# age restrictions



## MasacreMillie (Jul 31, 2008)

Please forgive my ignorance. I absolutely love to fight, but the only time I get interested in fighting is when I am in the middle of it, so I am not familiar with the practices of martial arts and MMA organizations. I have always felt that if I need to watch someone fight, it will be because I am about to fight that person myself.

Recently, I was invited to a grappling match in which I will most likely be fighting men. I realize thats not the way it is going to be in MMA, but it gave me the courage to finally go to my Sensei and say I want to fight.

Now, I am extremely strong for a female, I have good endurance, and I do sometimes know what I am doing. I go to a pretty rough dojo in which I am the only female learning martial arts.

The thing is I just turned 36 years old.
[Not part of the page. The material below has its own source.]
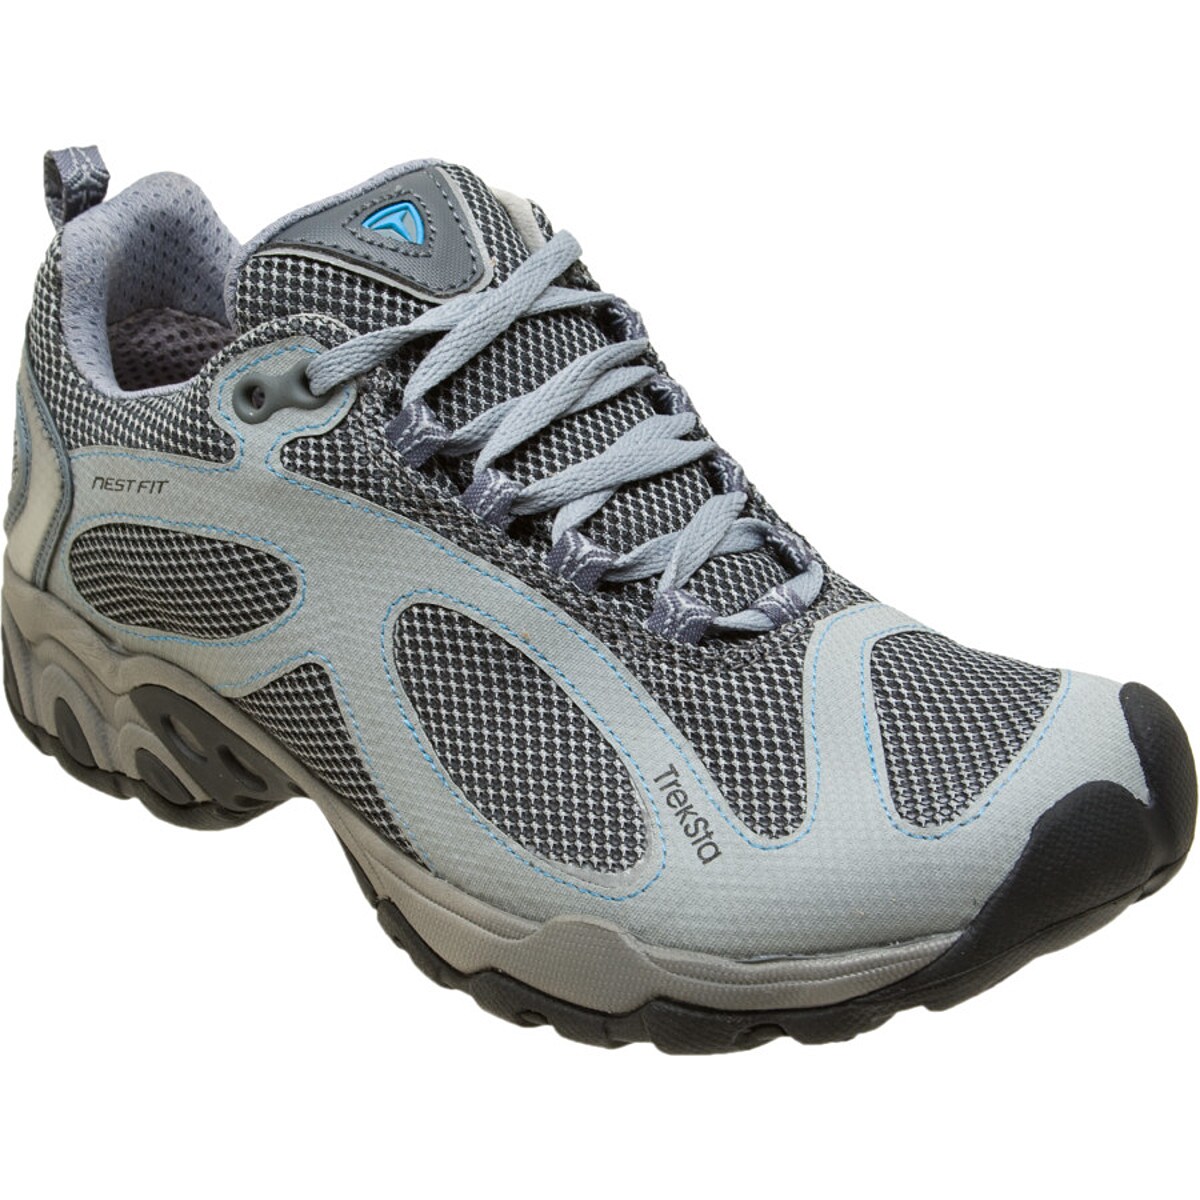 Evolution II Trail Running Shoe - Women's - Footwear
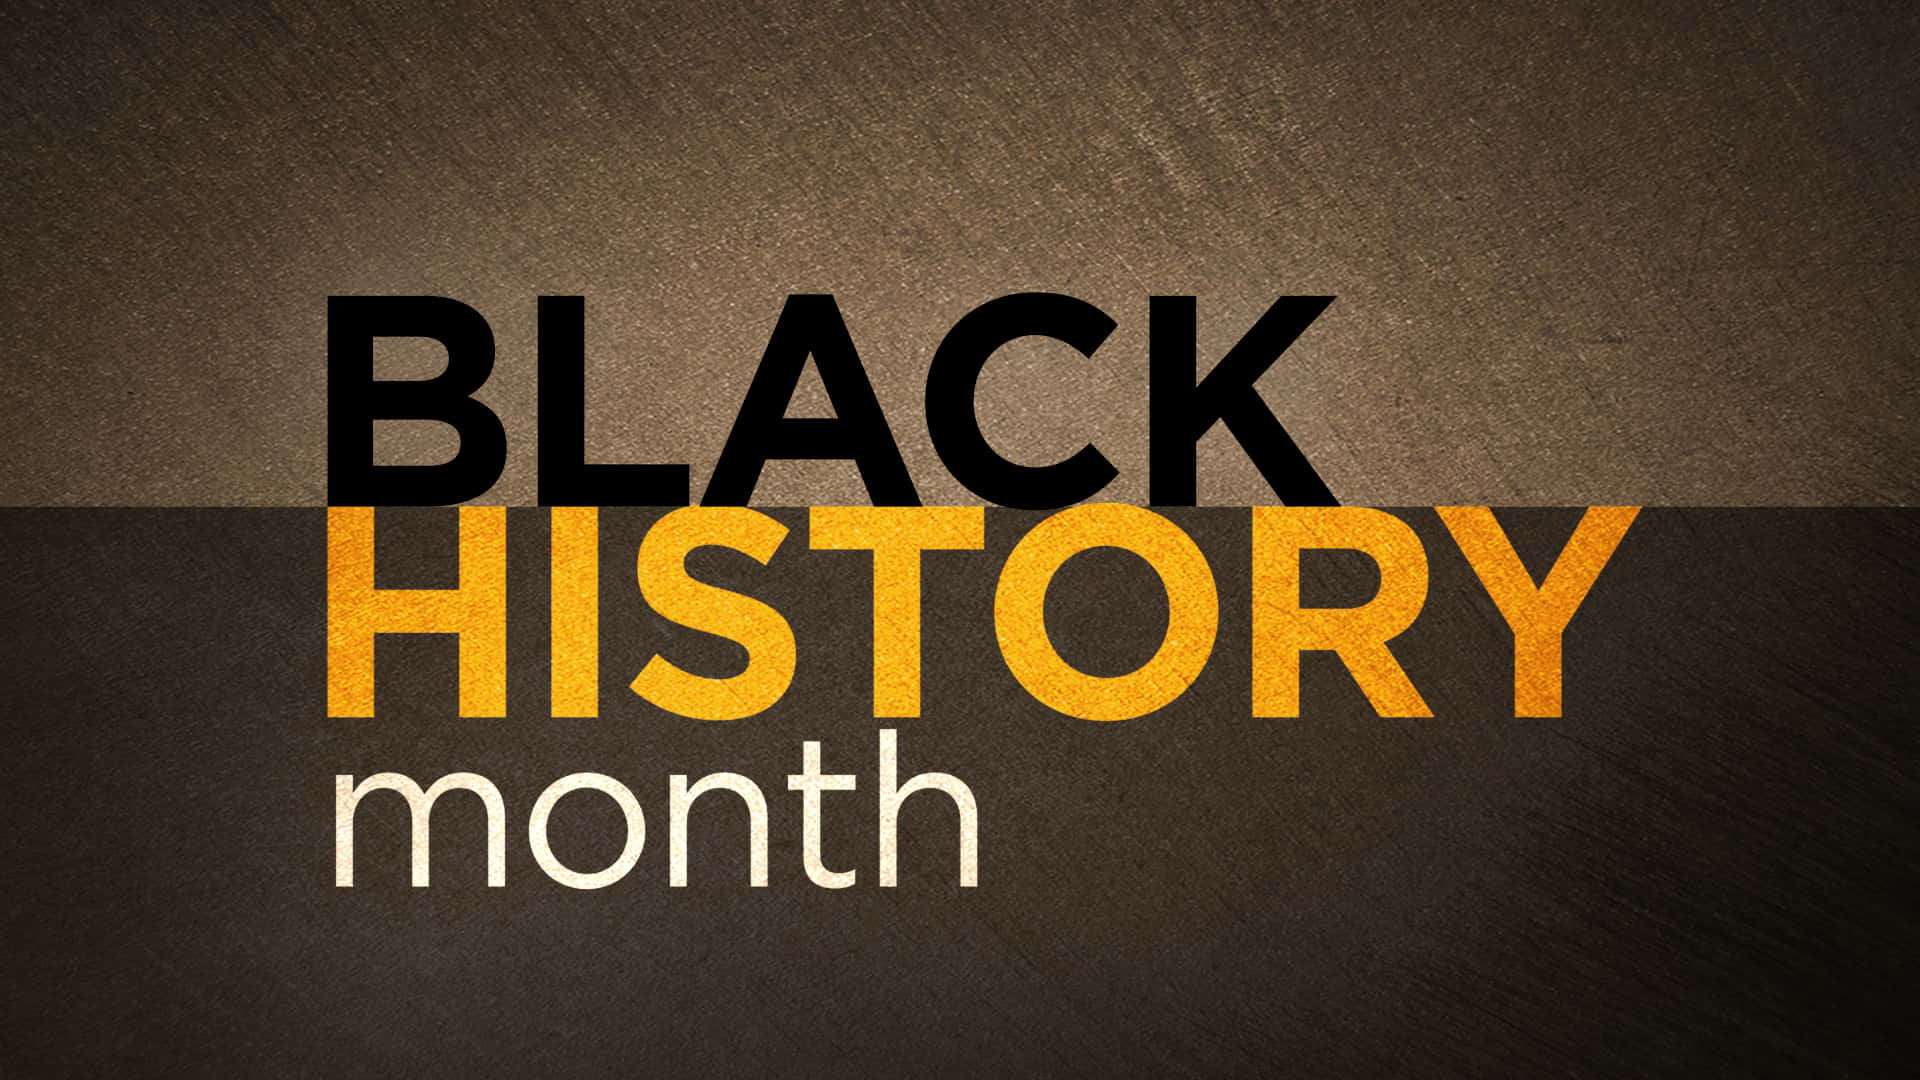 Großertypografischer Hintergrund Für Den Black History Month.

I dont feel 36 either now or when I am fighting younger men, and I really think I have a shot at this, but what I need to know is if there is a top age limit or if there are age catagories, similar to weight catagories. Does this change from organization to organization? I, myself, have never heard of any such restrictions, but please help me out and let me know if you do.

Thanks so much for your time!


----------



## MasacreMillie (Jul 31, 2008)

Shameless bump before I go out of town for a day or two without computer access. Please help if you can. Ive searched everywhere.


----------



## Yung Boss (Aug 3, 2008)

MasacreMillie said:


> Please forgive my ignorance. I absolutely love to fight, but the only time I get interested in fighting is when I am in the middle of it, so I am not familiar with the practices of martial arts and MMA organizations. I have always felt that if I need to watch someone fight, it will be because I am about to fight that person myself.
> 
> Recently, I was invited to a grappling match in which I will most likely be fighting men. I realize thats not the way it is going to be in MMA, but it gave me the courage to finally go to my Sensei and say I want to fight.
> 
> ...


Hey well i'm 14 and a lot of people doubt me and put me down but i still continue to learn and progress so to answer your question it doesnt matter how old u are, all that matters is your ambition to fight, if u can take take 3 3min rounds in the oct then by all means do it


----------



## IcemanCometh (Mar 9, 2007)

MasacreMillie said:


> Please forgive my ignorance. I absolutely love to fight, but the only time I get interested in fighting is when I am in the middle of it, so I am not familiar with the practices of martial arts and MMA organizations. I have always felt that if I need to watch someone fight, it will be because I am about to fight that person myself.
> 
> Recently, I was invited to a grappling match in which I will most likely be fighting men. I realize thats not the way it is going to be in MMA, but it gave me the courage to finally go to my Sensei and say I want to fight.
> 
> ...


If your talking MMA, there are are zero age limits. I mean to say look at Dan Severn he is still fighting and just become the oldest fighter after some guy who was 65 retired. Age is all in your head, Randy Couture is in his 40's, Severn's in his 50's. Glad to see a strong woman going against young punks that could probably use some education on women older or younger.


----------